**Assignment**
Starting with the line that contains "Wonline 18 inch", return every line through the end of the listing below exactly as written. Omit the pictures.

**Data below**
....................

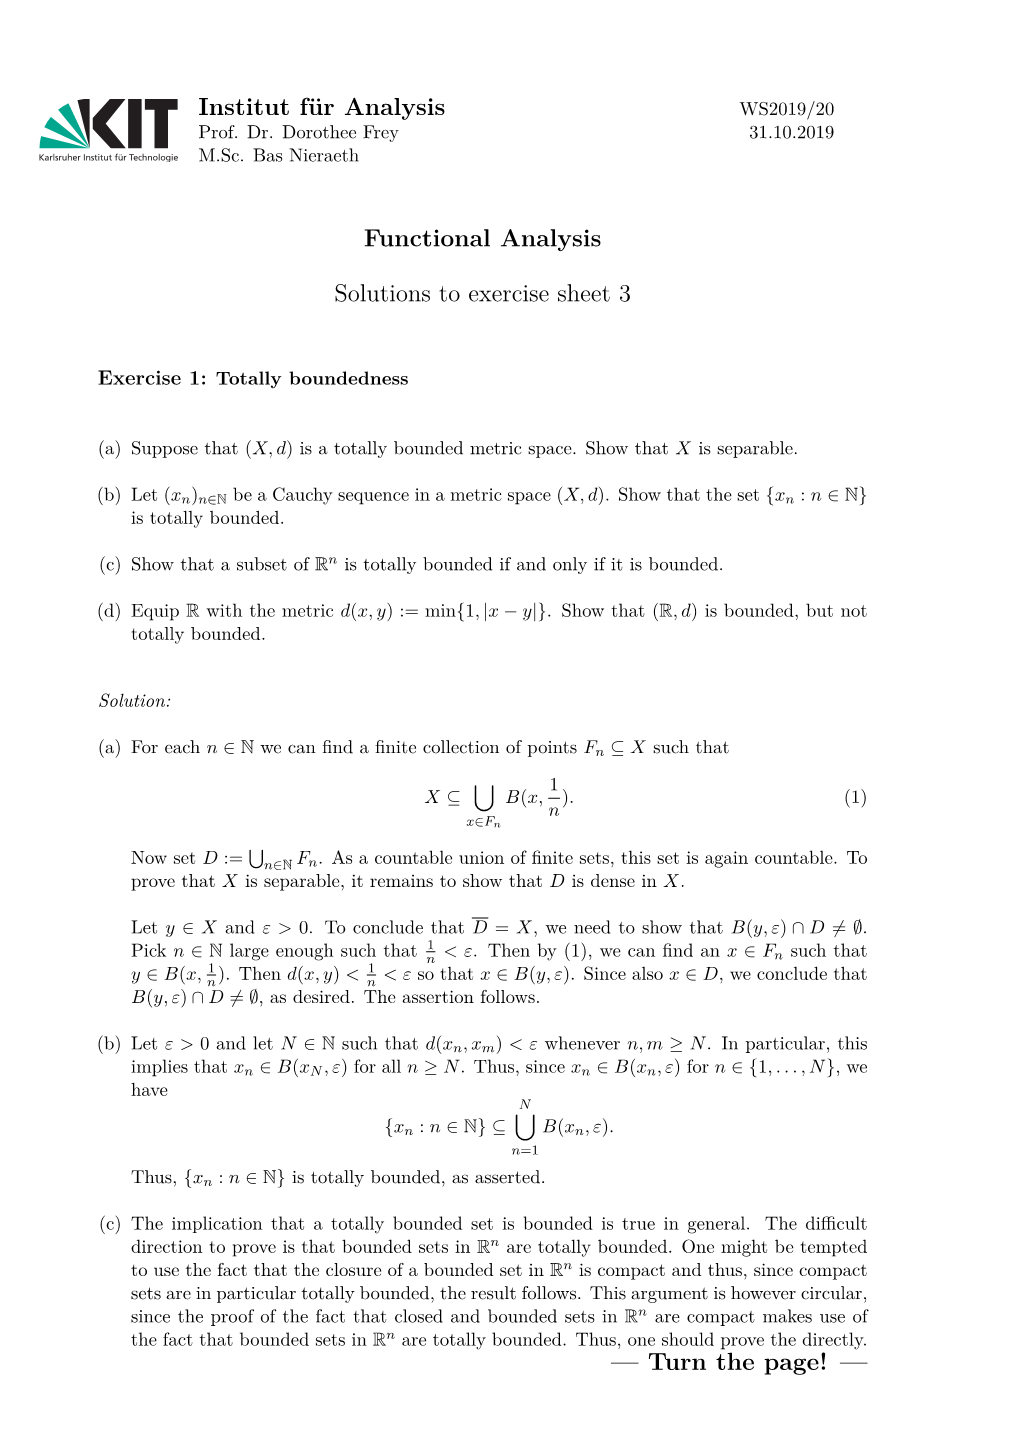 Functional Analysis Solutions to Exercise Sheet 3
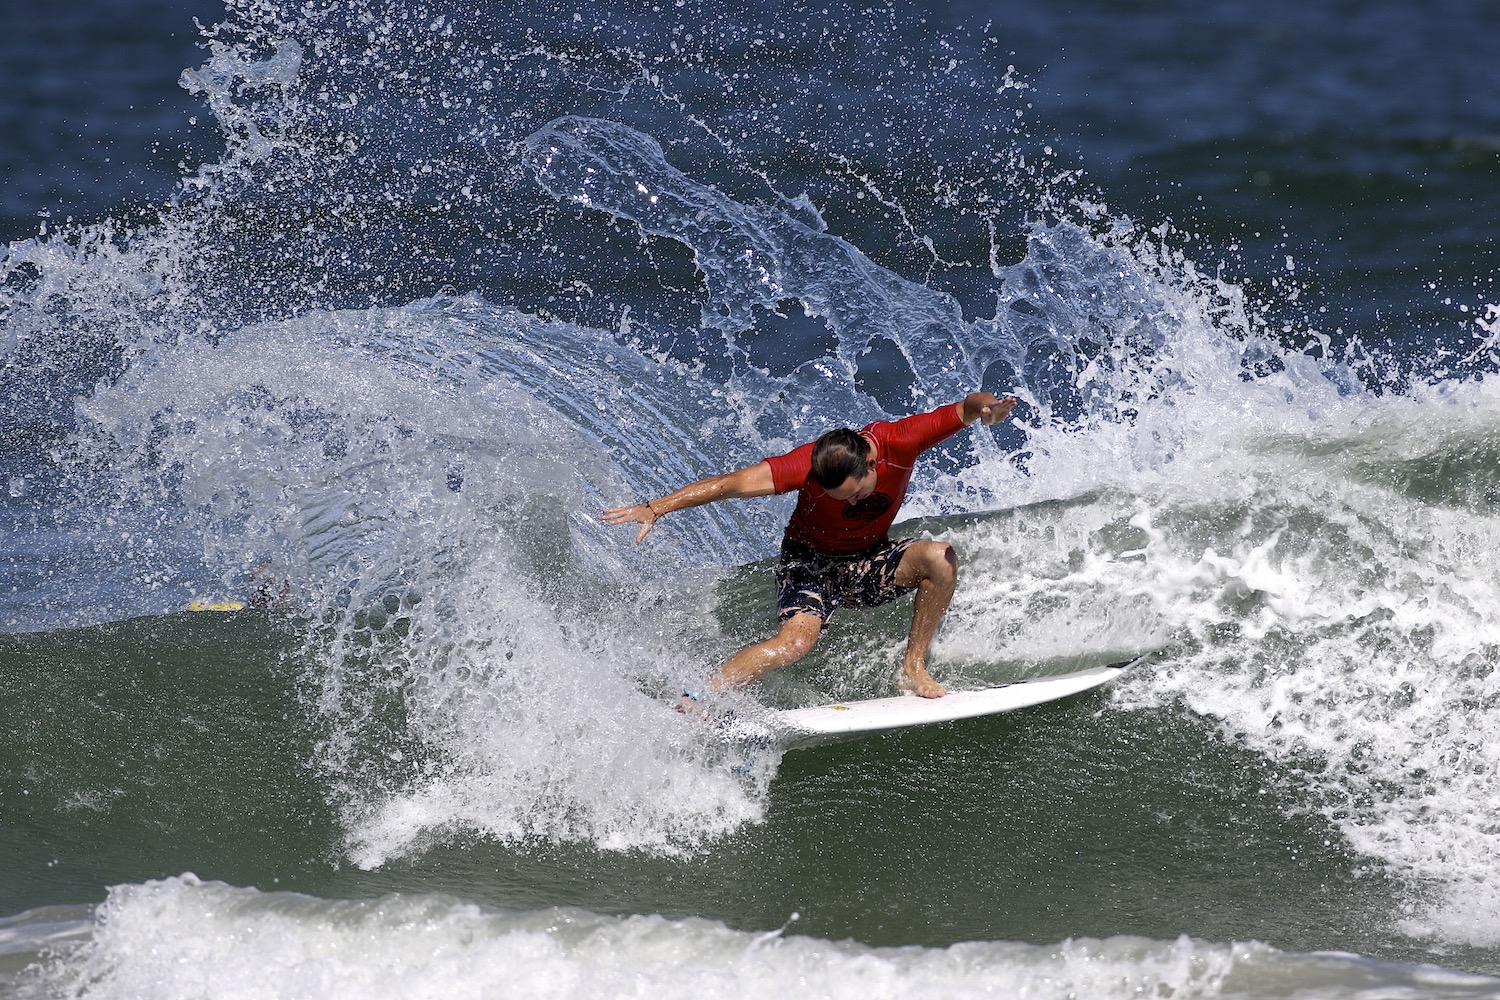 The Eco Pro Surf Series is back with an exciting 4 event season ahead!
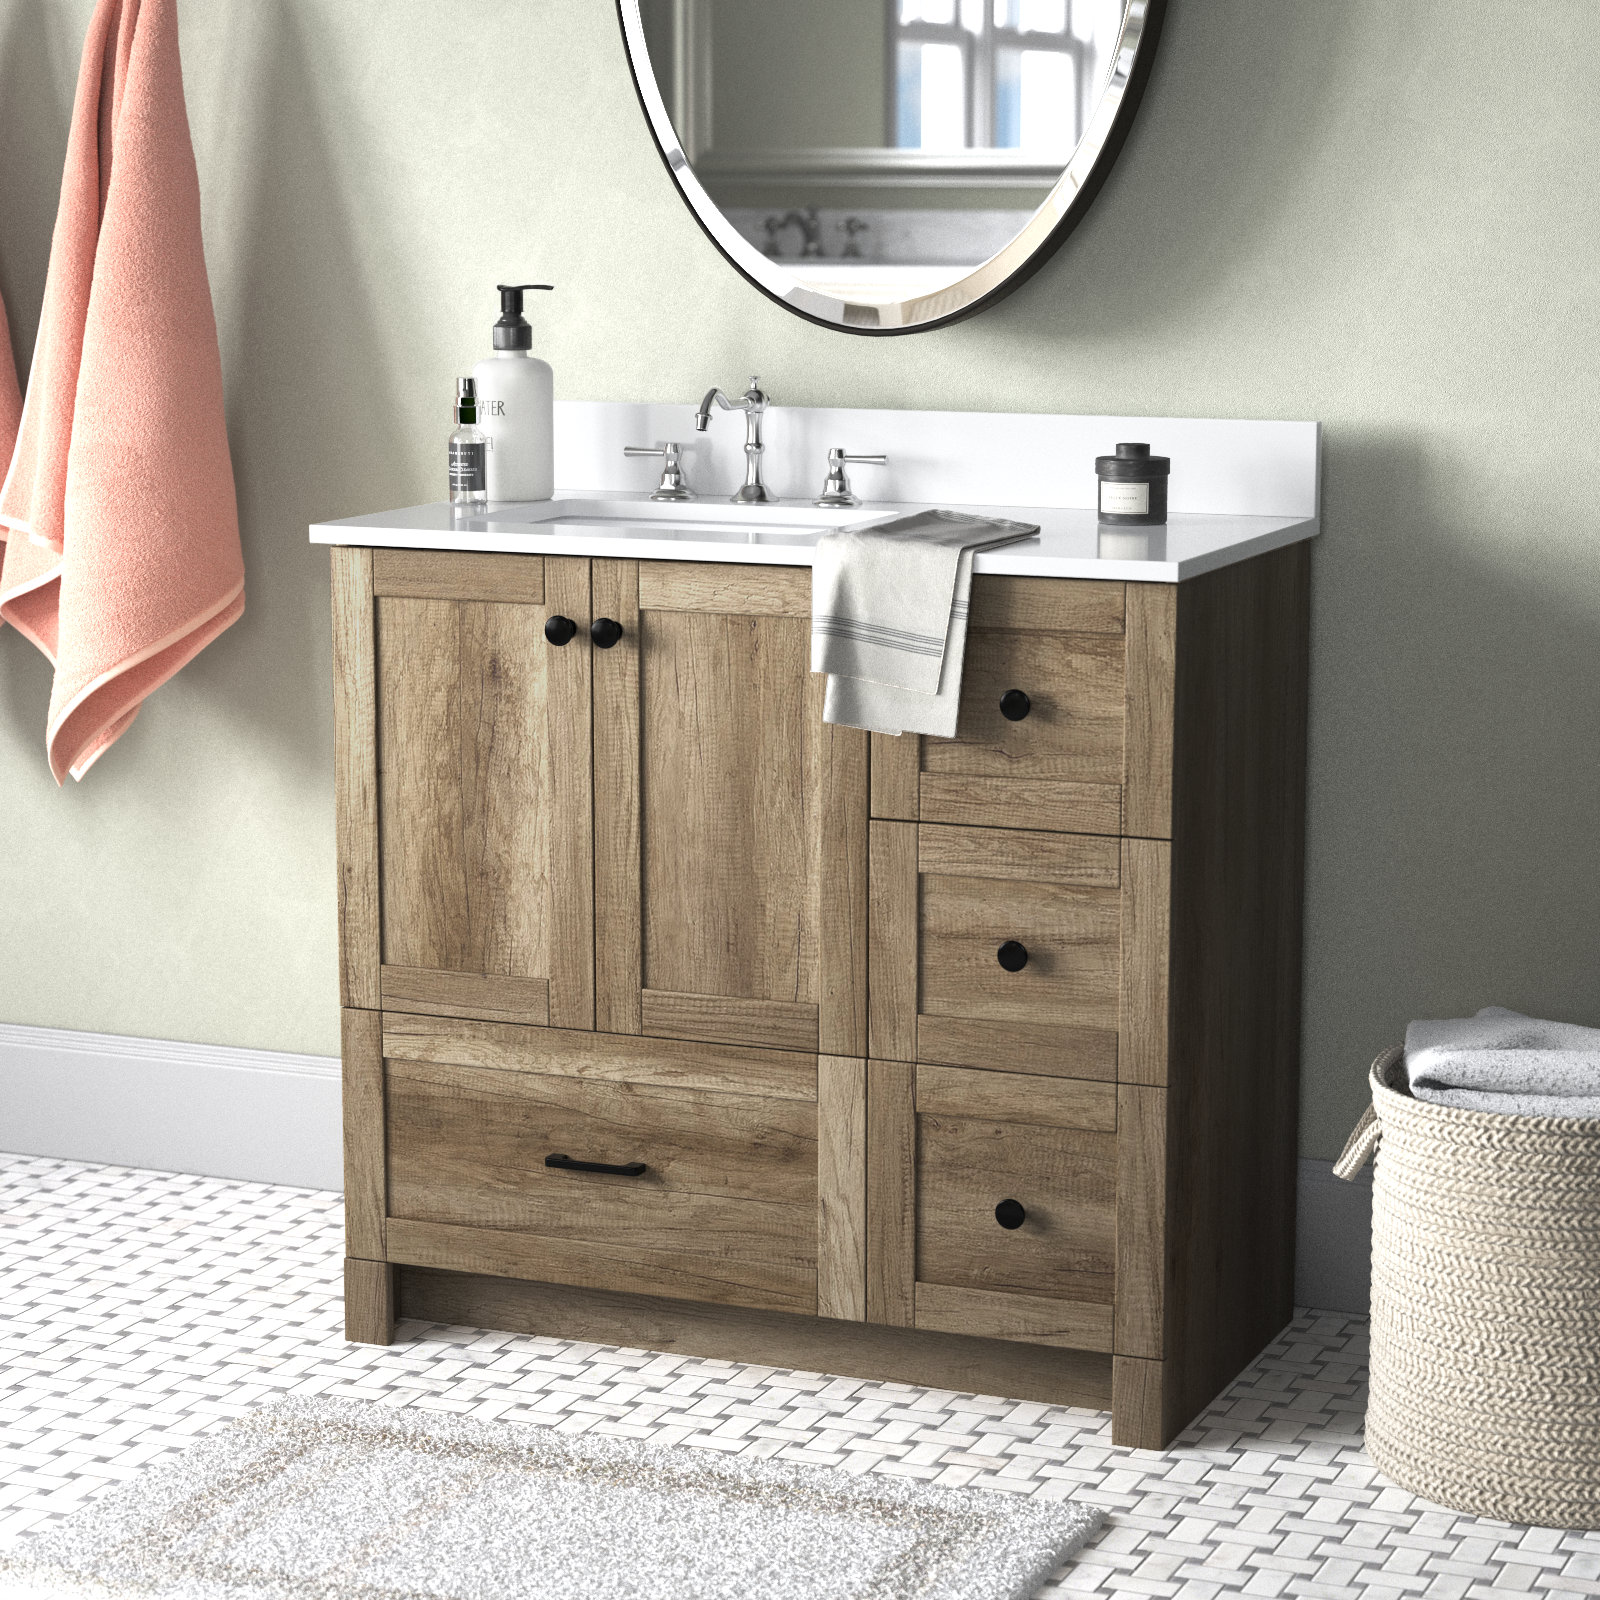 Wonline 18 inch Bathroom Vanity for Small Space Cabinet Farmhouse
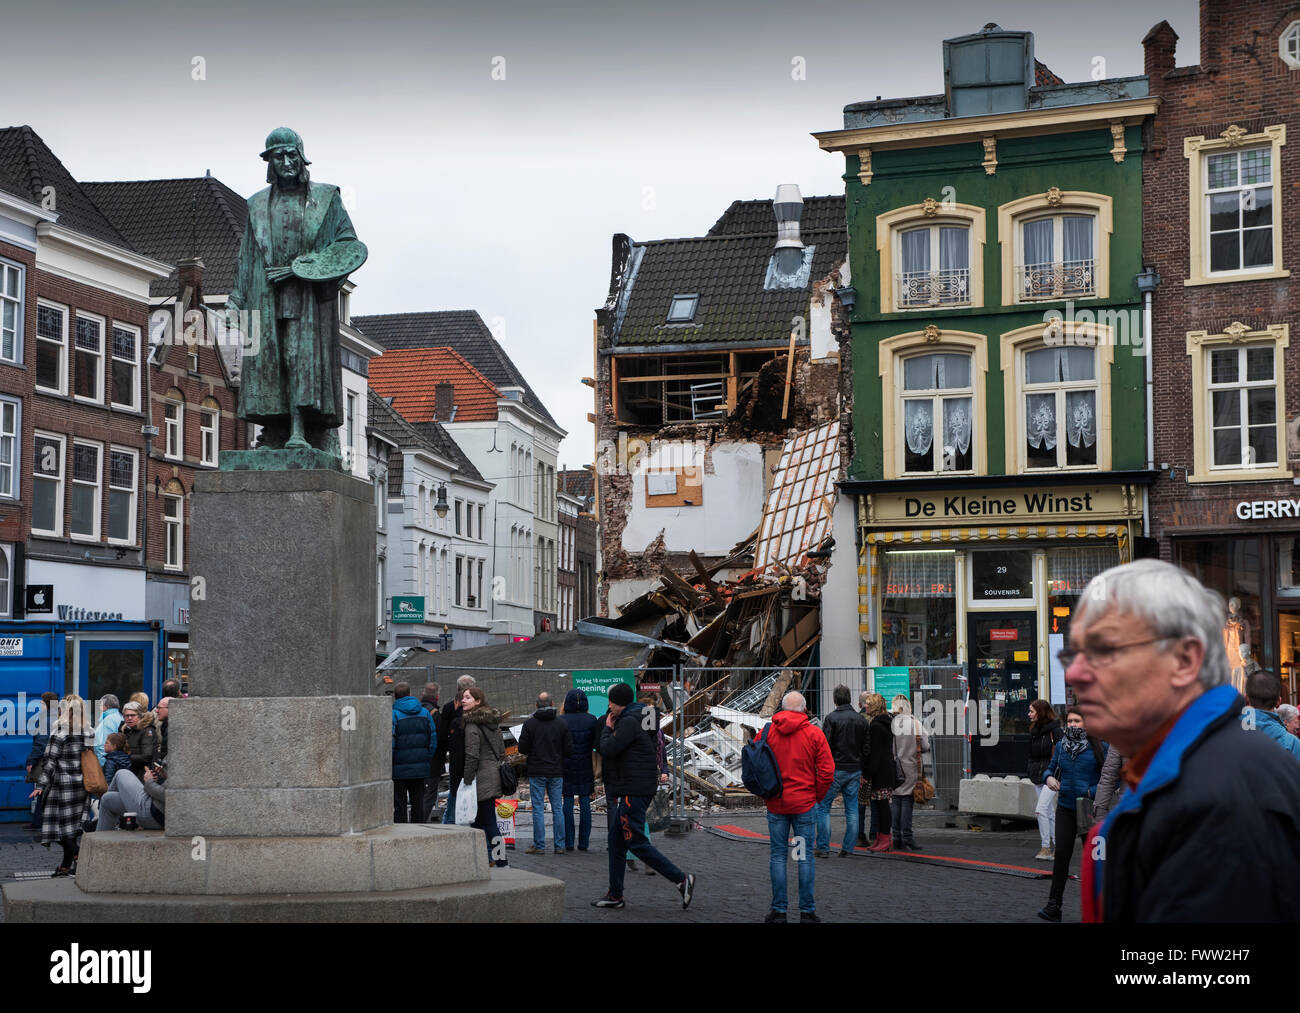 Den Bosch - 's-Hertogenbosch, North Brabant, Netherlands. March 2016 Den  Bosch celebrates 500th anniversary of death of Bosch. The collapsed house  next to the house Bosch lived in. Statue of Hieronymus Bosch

....................

**Final answer**
 Wonline 18 inch Bathroom Vanity for Small Space Cabinet Farmhouse
 Den Bosch - 's-Hertogenbosch, North Brabant, Netherlands. March 2016 Den  Bosch celebrates 500th anniversary of death of Bosch. The collapsed house  next to the house Bosch lived in. Statue of Hieronymus Bosch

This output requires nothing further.